La cristologia monofisita (secondo cui Cristo avrebbe solamente la natura divina e non più quella umana poiché quest'ultima è stata assorbita da quella divina) era stata condannata dal concilio di Calcedonia (451). Nonostante ciò, un secolo dopo i monofisiti erano ancora numerosi e conservavano molti agganci politici alla corte di Costantinopoli. Tra le massime figure a loro favorevoli, vi era la coniuge di Giustiniano, l'imperatrice Teodora.
Giustiniano, nella sua autorità di legislatore ecclesiastico, promulgò nel 543-544 un editto con cui si prefisse di ricucire i rapporti coi monofisiti. Si trattava della «condanna dei Tre Capitoli», testi scritti oltre un secolo prima da tre vescovi, nonché maestri, della scuola teologica di Antiochia (Teodoro di Mopsuestia, Teodoreto di Cirro e Iba di Edessa). In questo modo l'imperatore rigettava le idee diofisite sospettate di nestorianesimo, senza confutare i decreti dei concili ecumenici del passato.
Ottenuto l'assenso dei vescovi d'Oriente, l'approvazione dell'editto incontrò un primo ostacolo nella persona del patriarca di Costantinopoli, che si rimise al volere della sede apostolica romana. Giustiniano, volendo chiudere la questione in breve tempo, convocò il pontefice direttamente a Costantinopoli. Nel 546 Papa Vigilio fu prelevato da Roma e condotto forzosamente nella capitale bizantina: qui fu trattenuto e fu fatto oggetto di pressioni, al fine di ottenere la sua controfirma al decreto.
Vigilio invece giudicò l'editto imperiale in contrasto con il Concilio di Calcedonia e si rifiutò di firmarlo. Il "domicilio coatto" a Costantinopoli si protrasse per diversi mesi. Ma alla fine le pressioni della corte ebbero il loro effetto e l'11 aprile 548 (giorno di Pasqua) il pontefice inviò al patriarca Mena uno scritto (Iudicatum) che condannava i tre capitoli. Subito i vescovi d'Occidente e dell'Africa respinsero il documento pontificio. Dall'Africa arrivò addirittura una scomunica al papa. La chiesa era vicina ad uno scisma. Vigilio ci ripensò: ritirò il suo Iudicatum e propose all'imperatore la convocazione di un concilio ecumenico.
Giustiniano, stanco dei cambiamenti di posizione del pontefice, emanò un nuovo editto di condanna dei Tre Capitoli (agosto 551). L'editto ottenne l'adesione dei soli vescovi orientali. L'imperatore ed il patriarca Eutichio, successore di Mena, convocarono quindi un Concilio ecumenico a Costantinopoli. Il papa, che voleva che il concilio si tenesse in Italia o in Sicilia, non vi prese parte.
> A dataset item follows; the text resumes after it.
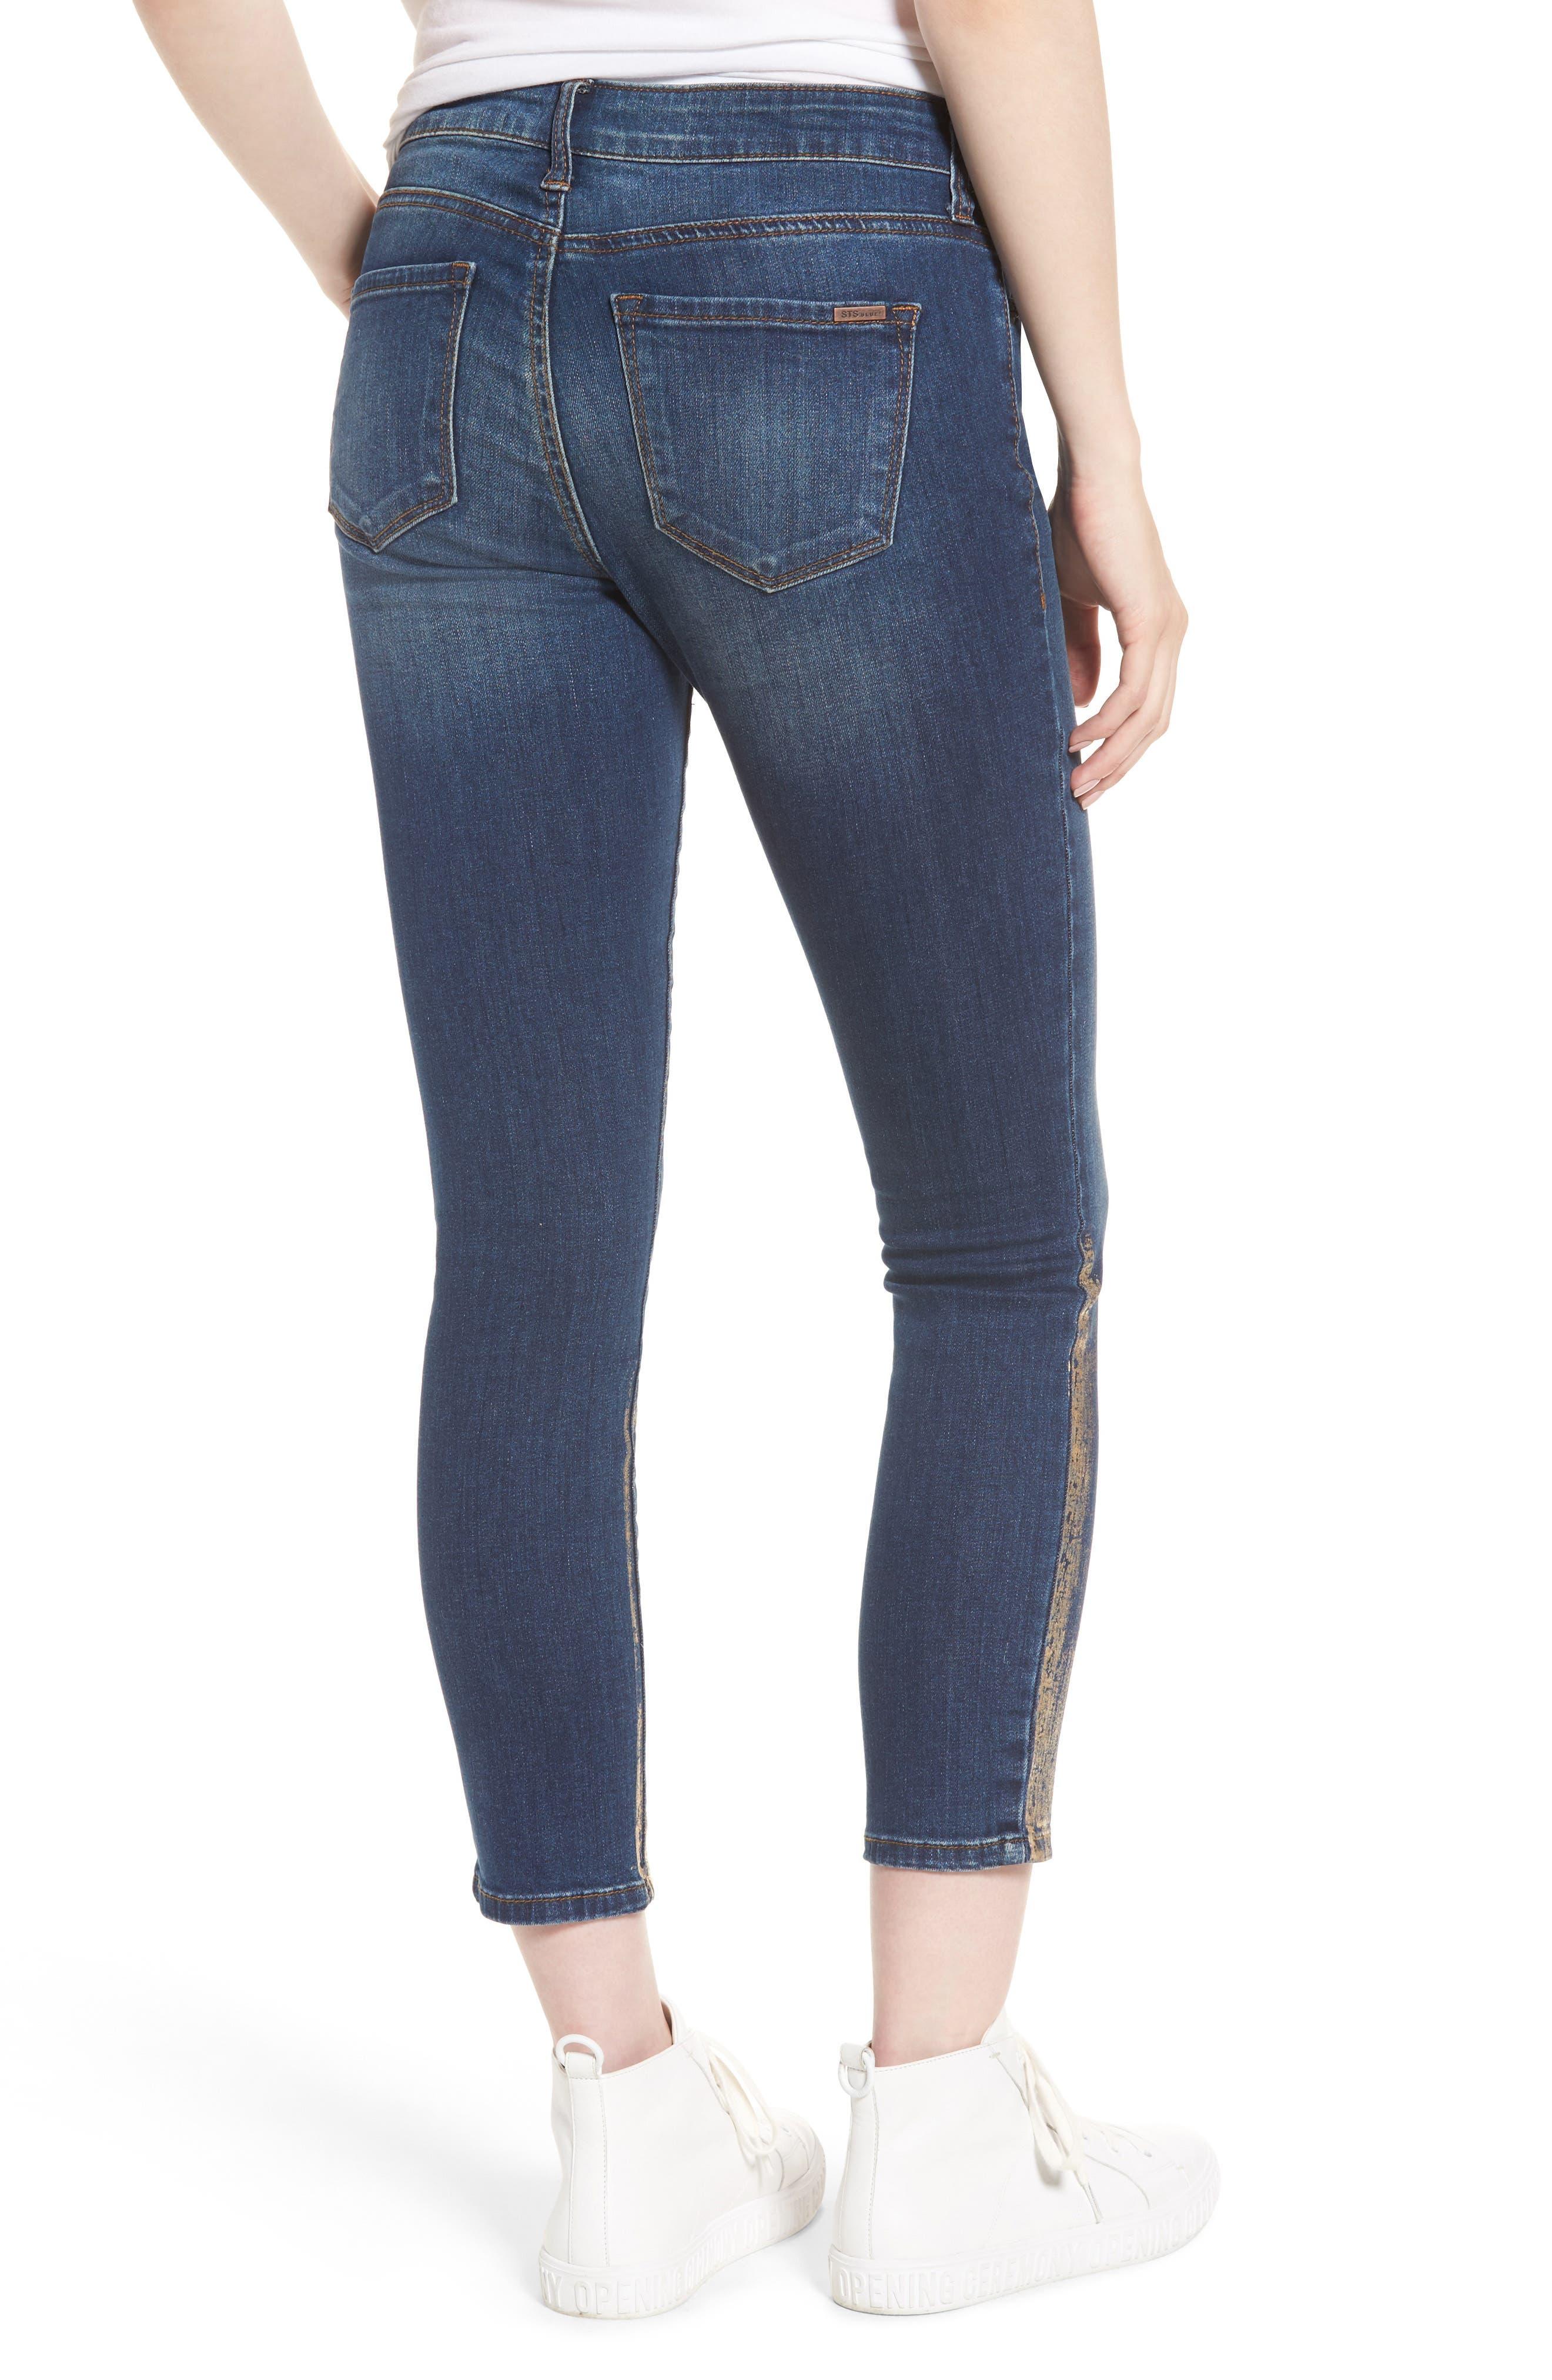 Piper Foil Crop Skinny Jeans,                             Alternate thumbnail 2, color,                             400

Giustiniano aveva convocato un numero di vescovi da tutti i cinque patriarcati, in pari numero. A causa dell'assenza del pontefice, parteciparono molti più vescovi orientali che occidentali. Il Concilio si riunì il 5 maggio 553 nella basilica di Santa Sofia, la cattedrale di Costantinopoli. Il patriarca di Costantinopoli Eutichio presiedette il sinodo: 165 vescovi, dei quali 8 africani, sottoscrisseo i decreti del concilio, nel quale vennero condannati i Tre Capitoli e l'origenismo. Per conto dell'imperatore, infine, il patriarca Eutichio pretese l'approvazione dei canoni conciliari di condanna del nestorianesimo.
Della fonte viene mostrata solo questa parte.